Hotbot, Lycos, Mamma.com, Iwon.com, wisenut.com, looksmart,com teoma.com, alltheweb.com, deja.com, direchit.com, excite.com, go.com, infoseek.com, invisibleweb.com, flipper.com, messageking.com, magellan.com, nbci.com, snap.com, northernlight.com, openfind.com, webcrawler.com
ahh the dotcomfallout
at least www.cowboynealsproncollection.com is doing well
That way, I could share the load with people with similar interests as myself.
For example, I would like a search engine that was more up-to-date crawling the PR of my competitors, but couldn't care less about most other companies. If I were running my own node of a P2P engine, I could set my node to focus on that, and anyone else who shared my interests could tap into it.
Lycos search no longer runs it own crawler. Matt's talking about people with their own crawler and algo.
Thalasar
By placing this on /. he got:
(("Slashdot serves 50 million pages per month"/(# users actually checking out this story))*number of searches tried) + a residual amount that might actually use this search engine more
And what they might be interested in.
What about hotbot? Lycos?
So how do you make a search engine and not get sued for infringement, or at least be able to win in the lawsuits?
The most interesting assertion in the article was that Pagerank was useless. He says Google's real win is its ability to cache a copy of the page and show you a summary including your search terms. I do use that a lot to quickly exclude irrelevant pages.

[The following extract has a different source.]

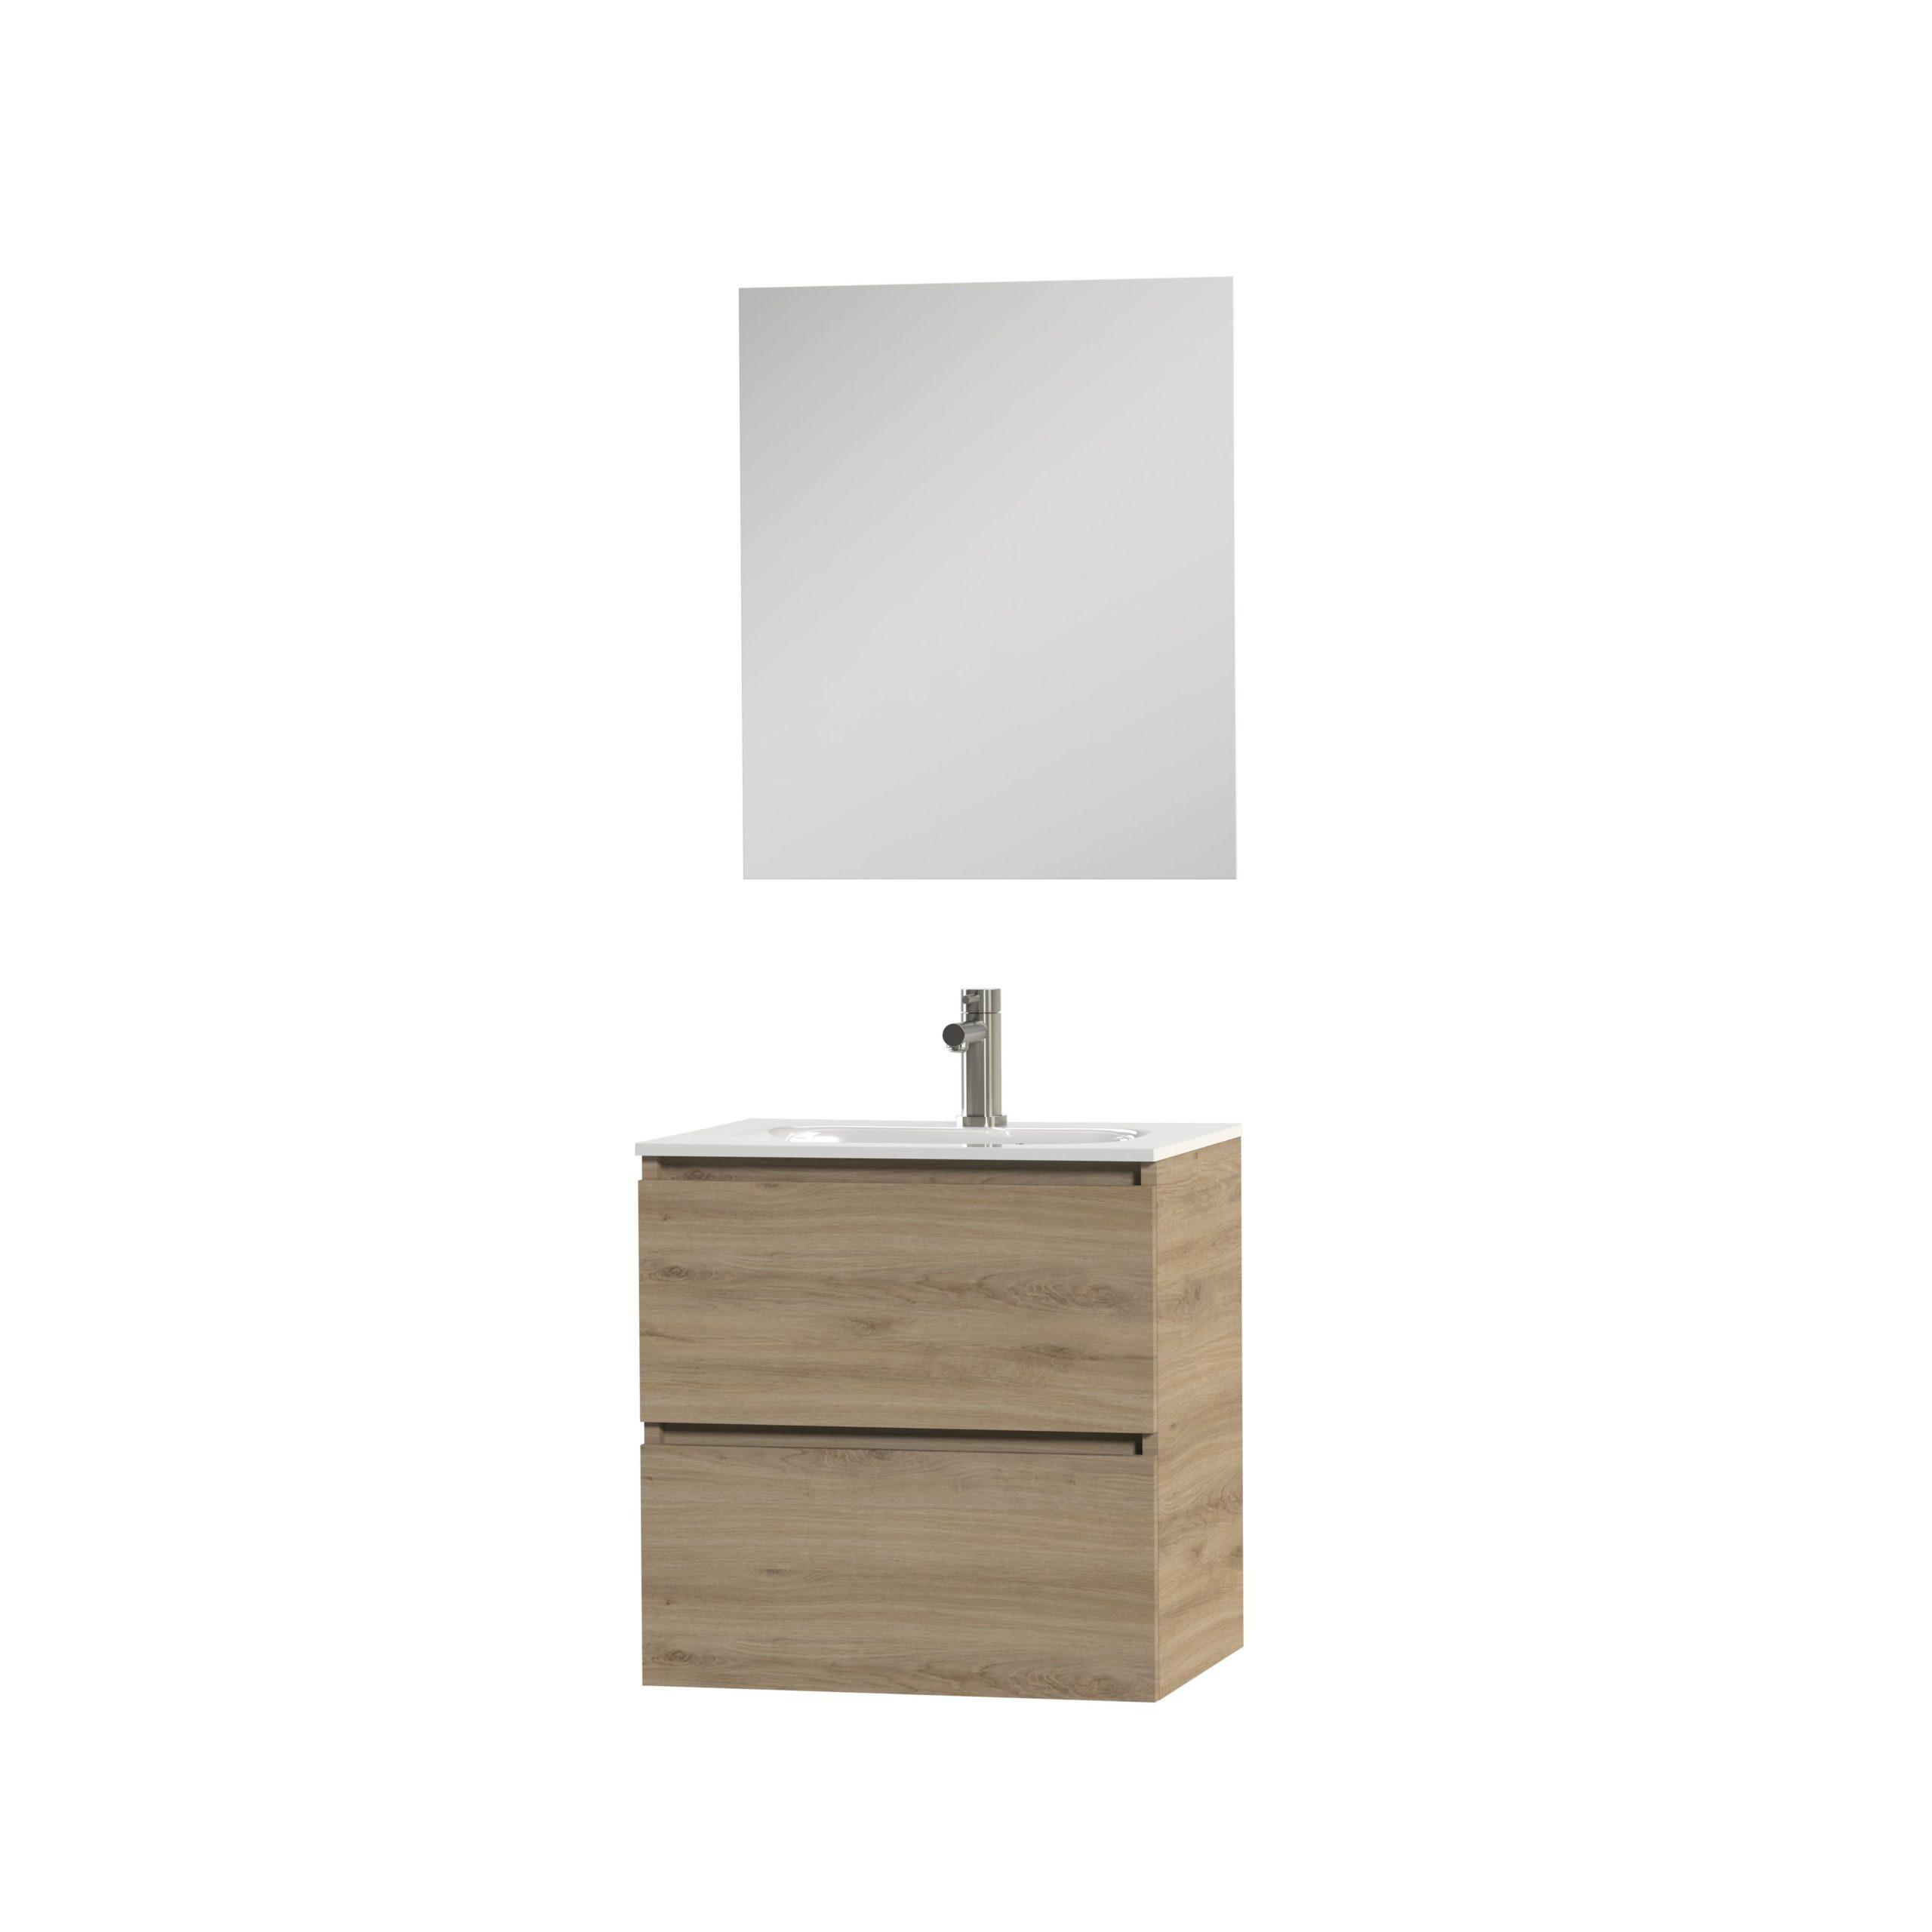 Tiger Loft badmeubel met spiegel en witte wastafel 60cm chalet eiken

He said that his internal tests at Infoseek showed that pagerank didn't substantially improve the value of searches over simpler link analysis algorithms. I find that interesting, because I've worked with that algorithm and I know it's a stone bitch to compute.

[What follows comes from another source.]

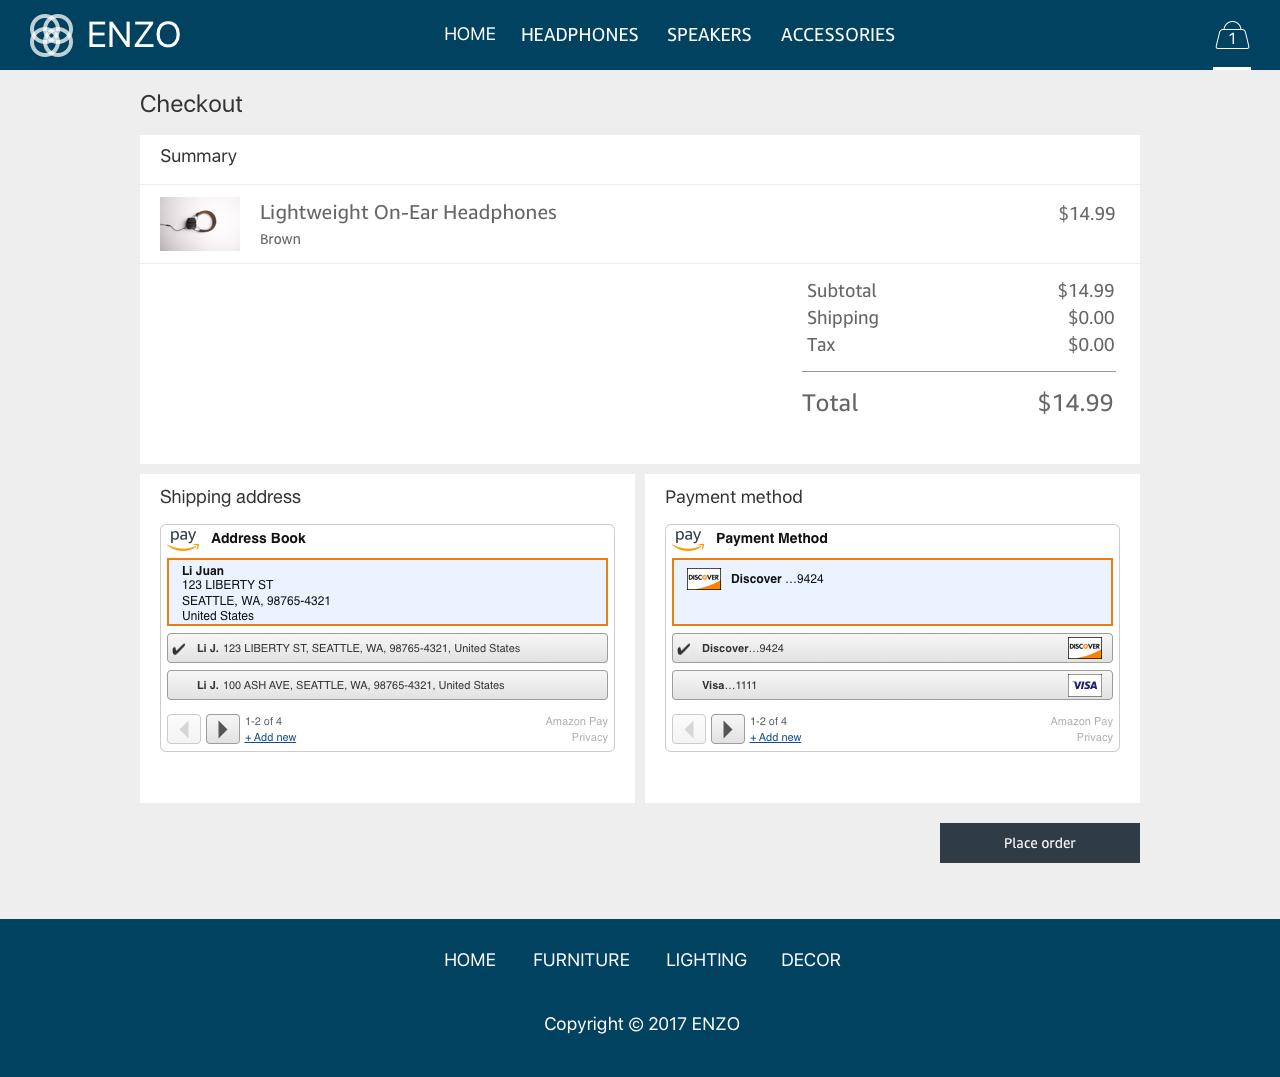 Amazon Pay Demo - #5 - Checkout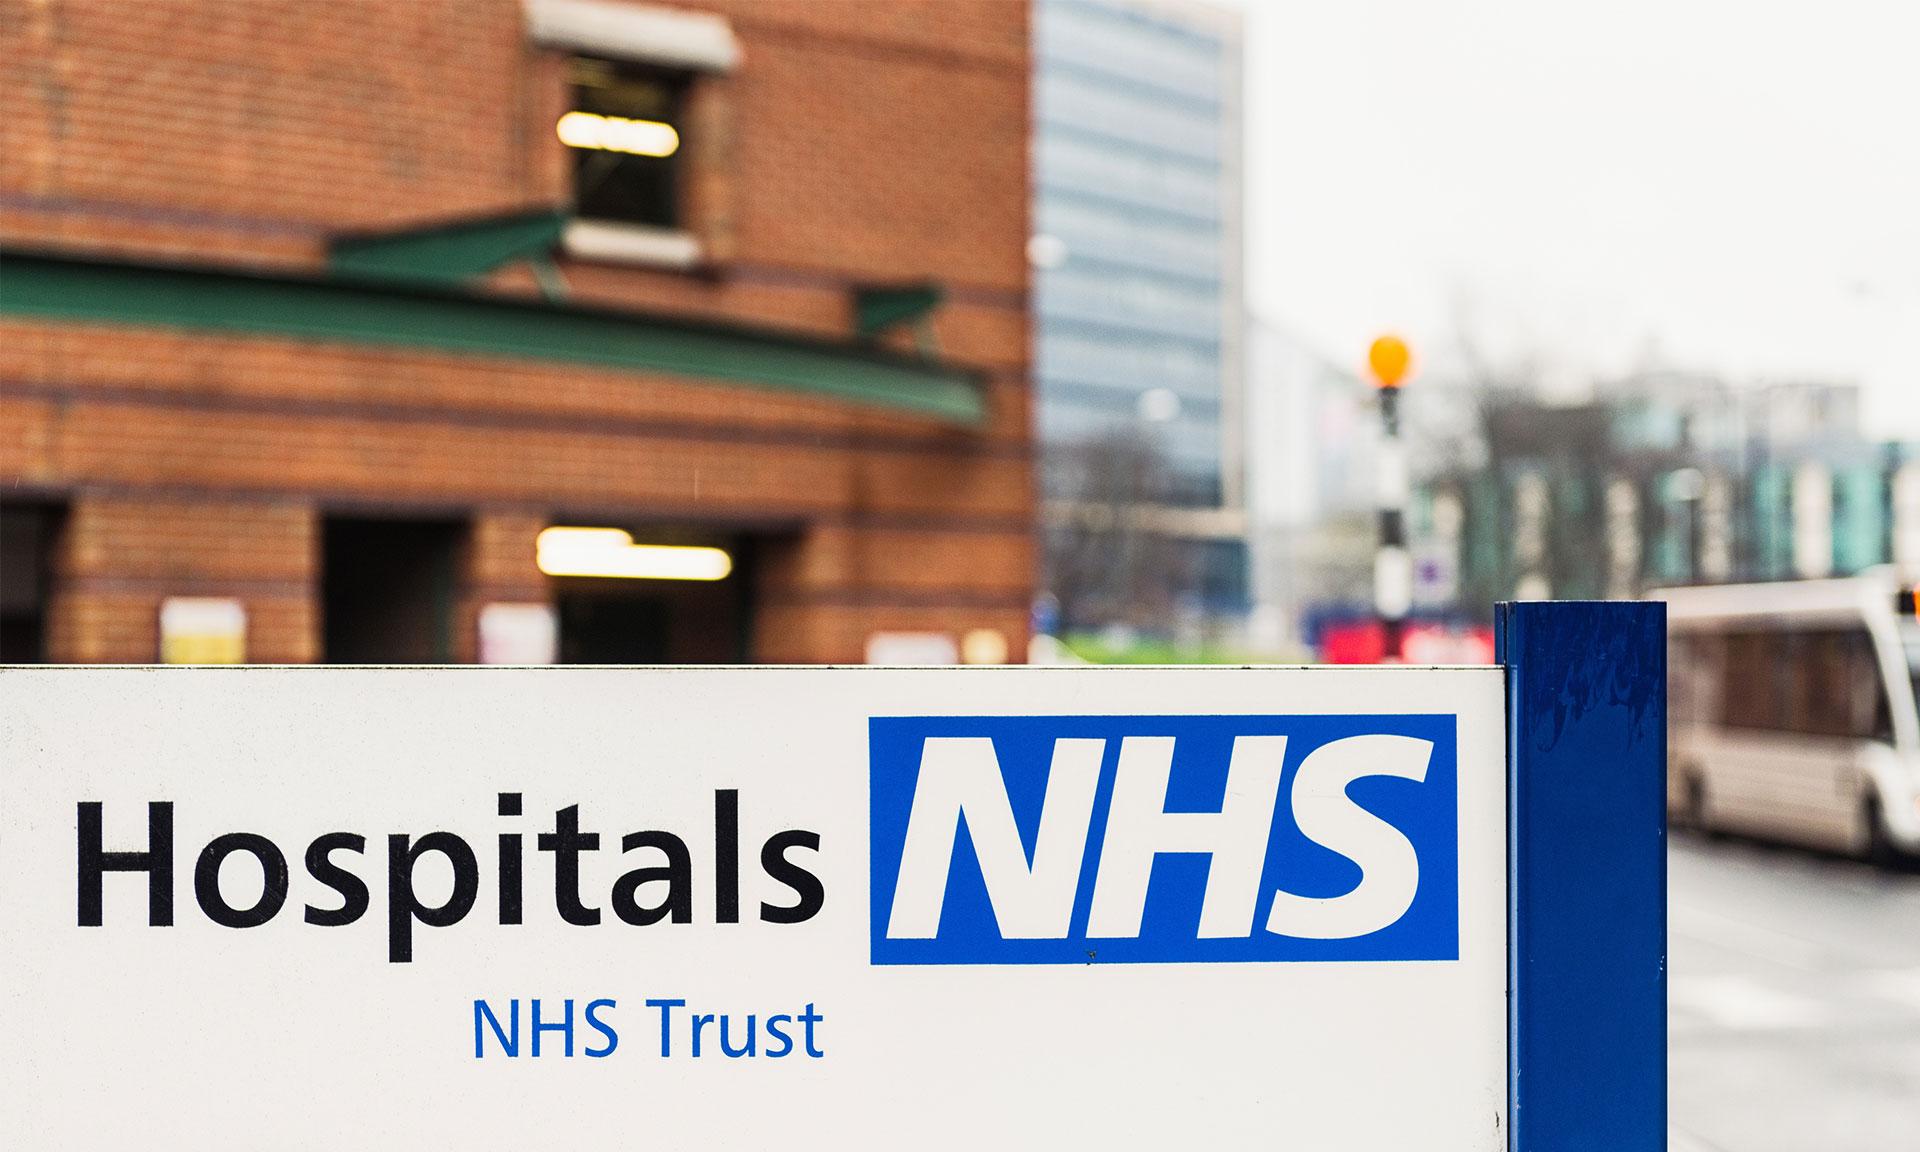 A NHS hospital sign

He might well be right. I like Google over the other search engines because the interface is simple and clean, and I find it pleasant to use. I'm reminded of Donald Norman's book on Emotional Design, about how we can get really attached to things that work for us.
Google sells itself on pagerank, but at the very least it's insufficient against "search engine spam". If pagerank is less important than speed and utility, maybe I'll have something else programmed in to my Firefox seach bar. But not today.
If it can survive ./, thats a good sign.
Not really. I was impressed with the power of a good slashdotting until we made the slashdot frontpage a few weeks ago (we also made it to the frontpage a few years ago but at that time we were serving static htmls).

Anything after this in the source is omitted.